Париж без рифм
Париж скребут. Париж парадят.
Бьют пескоструйным аппаратом.
Матрон эпохи рококо
продраивает душ Шарко!
И я изрек: «Как это нужно ―
содрать с предметов слой наружный,
увидеть мир без оболочек,
порочных схем и стен барочных!..»
Я был пророчески смешон,
но наш патрон, мадам Ланшон,
сказала: «О-ля-ля, мой друг!..»
И вдруг ―
город преобразился,
стены исчезли, вернее, стали прозрачными,
над
улицами, как связки цветных шаров,
висели комнаты,
0* 2каждая
освещалась по-разному,
внутри, как виноградные косточки,
горели
фигуры и кровати,
вещи сбросили панцири, обложки, оболочки,
над
столом
коричнево изгибался чай, сохраняя форму чайника, и так же,
сохраняя форму водопроводной трубы, по потолку бежала круглая
серебряная вода,
в Соборе Парижской Богоматери шла месса,
как
сквозь аквариум,
просвечивали люстры и красные кардиналы,
архитектура испарилась,
и только круглый витраж розетки
почему-то
парил над площадью, как знак: «Проезд запрещен»,
над Лувром из
постаментов,
как 16[шестнадцать] матрасных пружин,
дрожали каркасы статуй,
пружины были во всем,
всё тикало,
о Париж,
мир паутинок, антенн и оголенных проволочек,
как ты дрожишь,
как тикаешь мотором гоночным,
о сердце под лиловой пленочкой,
Париж
(на месте грудного кармашка вертикальная, как рыбка,
плыла бритва
фирмы «Жиллет»)!
Париж, как ты раним, Париж,
под скорлупою ироничности,
под откровенностью, граничащей
с незащищенностью,/ Париж,
в Париже вы одни всегда,
хоть никогда не в одиночестве,
и в смехе грусть,/ как в вишне косточка,
Париж ― горящая вода,
Париж,
как ты наоборотен,
как бел твой Булонский лес,
он юн, как
купальщицы,
бежали розовые собаки,
они смущенно обнюхивались,
они могли перелиться одна в другую, как шарики ртути,
и некто,
голый, как змея, промолвил: «Чернобурка я»,
шли люди,
на месте отвинченных черепов, как птицы в проволочных
клетках, свистали мысли,
монахиню смущали мохнатые мужские
видения, президент мужского клуба потрясался разоблачениями (его
тайная связь с женой раскрыта,
он опозорен),
над полисменом ножки реяли,
как нимб, в серебряной тарелке
плыл шницель над певцом мансард,
в башке ОАСа оголтелой
дымился Сартр на сковородке,
а Сартр,
наш милый Сартр,
задумчив, как кузнечик кроткий,
жевал травиночку коктейля,
всех этих таинств/ мудрый дух
в соломинку,/ как стеклодув,
он выдул эти фонари,
весь полый город изнутри,
и ратуши и бюшери,
как радужные пузыри!
Я тормошу его:/ «Мой Сартр,
мой сад, от зим не застекленный,
зачем с такой незащищенностью
шары мгновенные/ летят?
Как страшно всё обнажено,
на волоске от ссадин страшных,
их даже воздух жжет, как рашпиль,
мой Сартр! / Вдруг всё обречено?!»
Молчит кузнечик на листке
с безумной мукой на лице.
Било три…
Мы с ольгой сидели в «обалделой лошади»,
в зубах
джазиста изгибался звук в форме саксофона, женщина усмехнулась.

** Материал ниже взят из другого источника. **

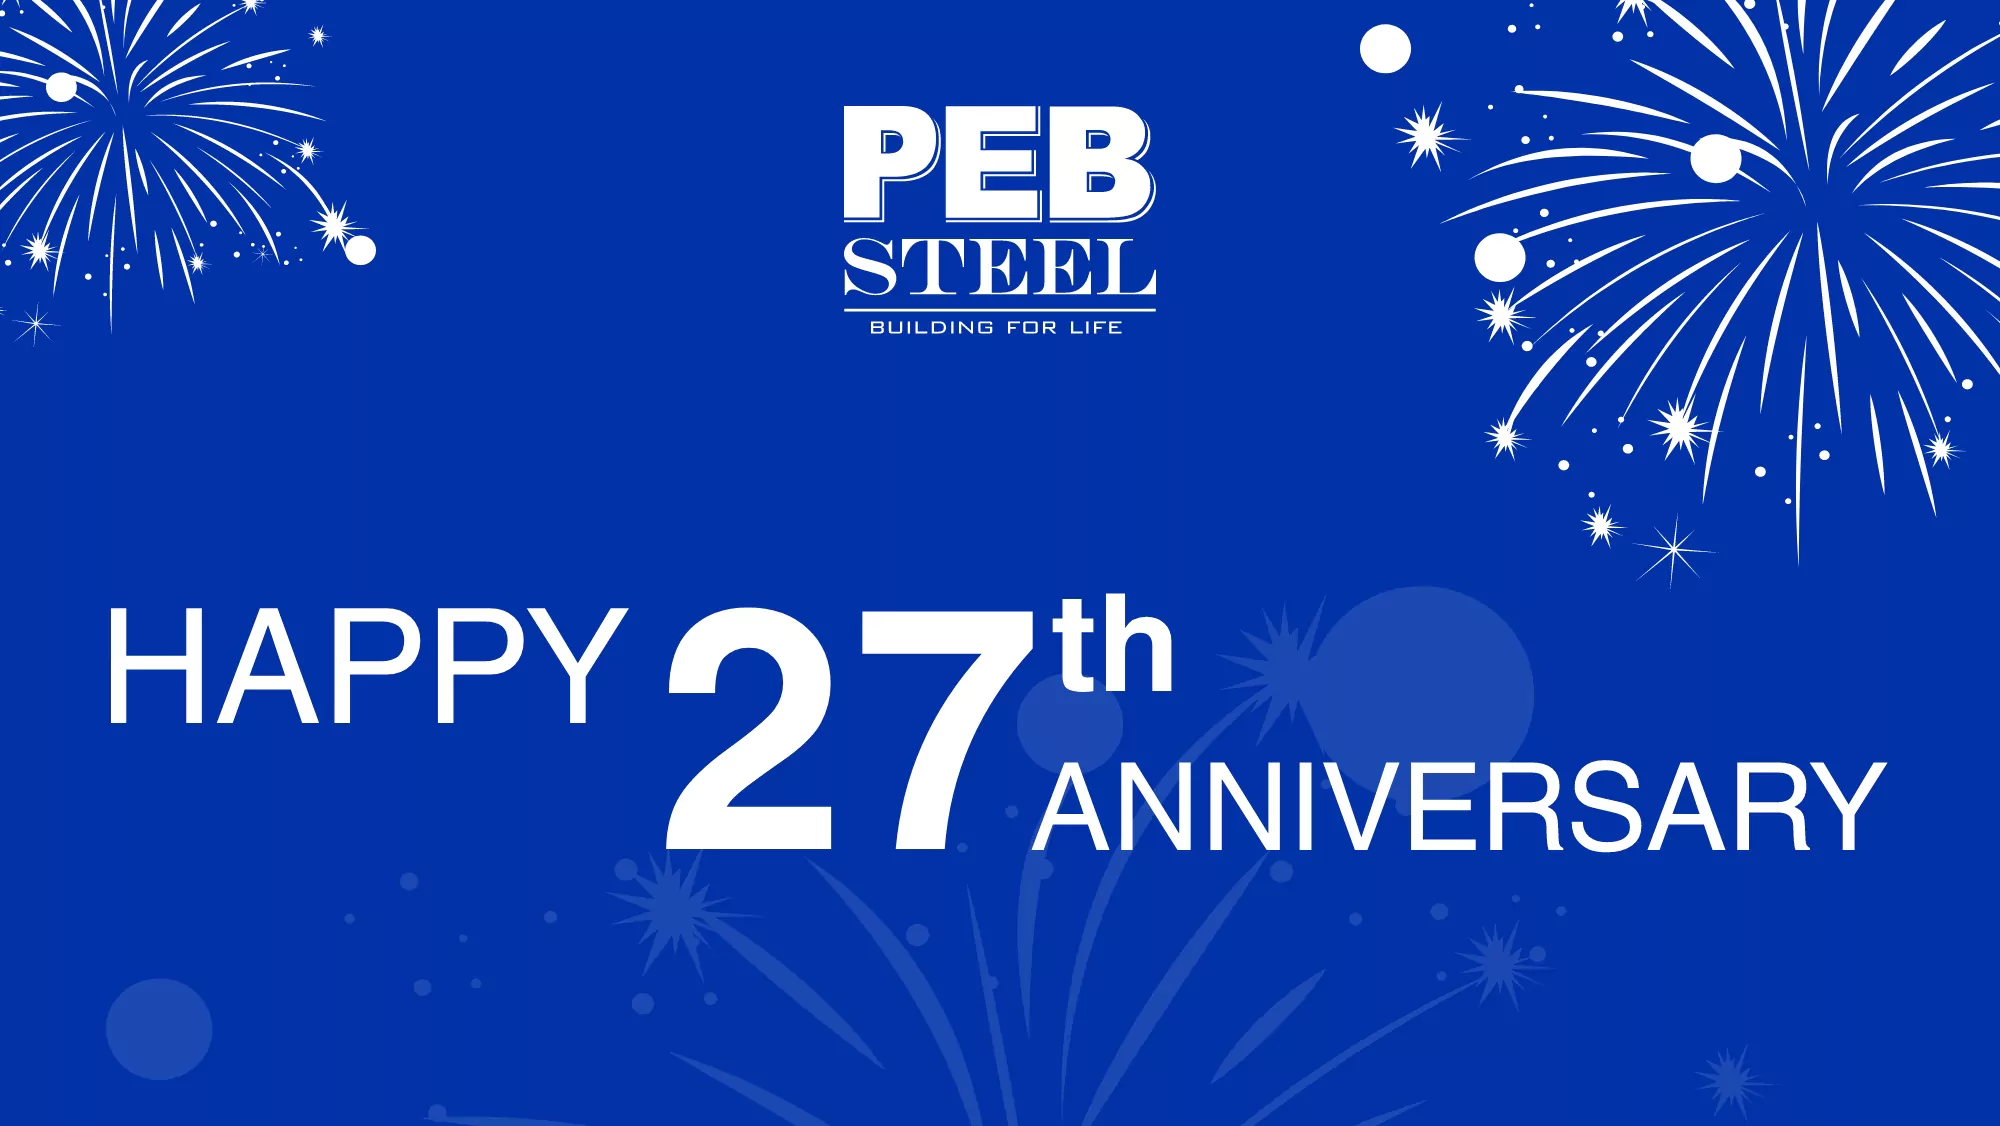 Pebsteel mừng kỷ niệm 27 năm thành lập

«Стриптиз так стриптиз», ―
сказала женщина,
и она стала сдирать с
себя не платье, нет, ―
кожу! ―
как снимают чулки или трикотажные
тренировочные костюмы, ―
о! о! ―
последнее, что я помню, это
белки, бесстрастно-белые, как изоляторы,
на страшном, орущем,
огненном лице…«… Мой друг, растает ваш гляссе…»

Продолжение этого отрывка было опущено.